Even though people assume that kids forced to do unspeakable acts may turn out “damaged”, Suzan found that many had profound love in their lives. Suzan said, “I lived for those moments when you catch a father looking at his child, completely engulfed in love. I’ve seen that look in a parent’s eyes many times. Sometimes as they take their child off the ventilator to die at the hospital. Or others when a former child soldier father finds peace while watching his child quietly play with sticks. That’s why I love working with families. There are so many beautiful moments.”

Suzan stopped working with child soldiers two years ago due to “security problems” that she couldn’t talk about. That line of work wasn’t easy and Suzan was regularly confronted with the prospect of her own death. But this didn’t seem to bother her that much. “I guess I didn’t want to be any different than the other Burundian people,” she said. “In Burundi, people will kill you for a SIM card. My friend had been held at gunpoint. That was their reality.”

Of course it wasn’t all dire situations. She noted, “I hate it when people say ‘Oh those poor kids in Africa’ because that’s just monetary. They are rich in so many other things like family and support. There is a lot of love. I think America can be very poor in those things.”

Now back in San Francisco, Suzan mentions she has been “feeling ‘blah’ lately.”

“I miss that intense feeling of meaningful work and purpose. There’s no better gift than to be able to not only work with, but also help, innocent survivors overcome really bad things like war, violence, cancer, etc.”

She admitted that it was hard to find other people like her, comfortable with the extreme. “I’m have an affinity to war photographers because I think they can relate. They go into “dangerous” situations and help document. I help heal.”

I asked her what she was going to do or where she was going to go next and she shrugged.

“Yeah, I could do Doctors Without Borders. That would make me comfortable because you know, they only work in conflict zones.”

She had no idea how off that statement sounded as we brunched in California, warm with sunshine and overpriced paninis.

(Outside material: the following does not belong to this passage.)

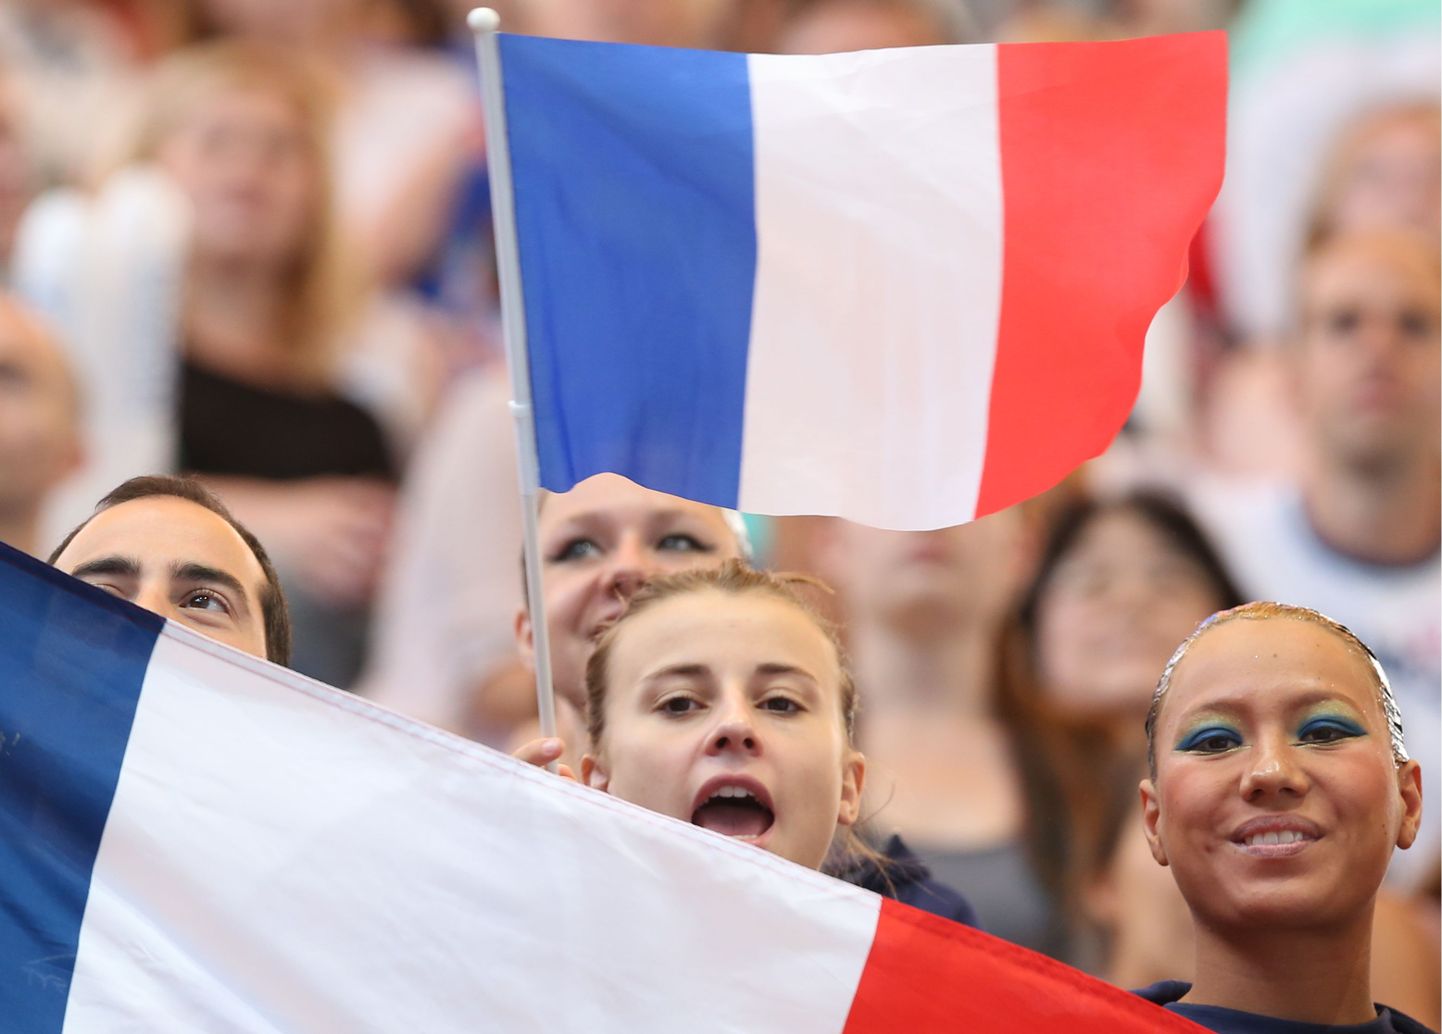 Prantsuse lipp. Pilt on illustratiivne

Suzan later wrote me to tell me she was going to return to the intensity and do work in Jordan and Syria.

After meeting Suzan, I was inspired to leave country again, volunteer and get uncomfortable. It was also time to learn someone else’s language.

 

“I’d rather sing one wild song and burst my heart with it, than live a thousand years watching my digestion and being afraid of the wet.”

― Jack LondonThe Turtles of Tasman

 

*After talking with Suzan, we think an alternative title could be “Addicted to Meaning”…because it you think about the work she does, intensity is pointless without it.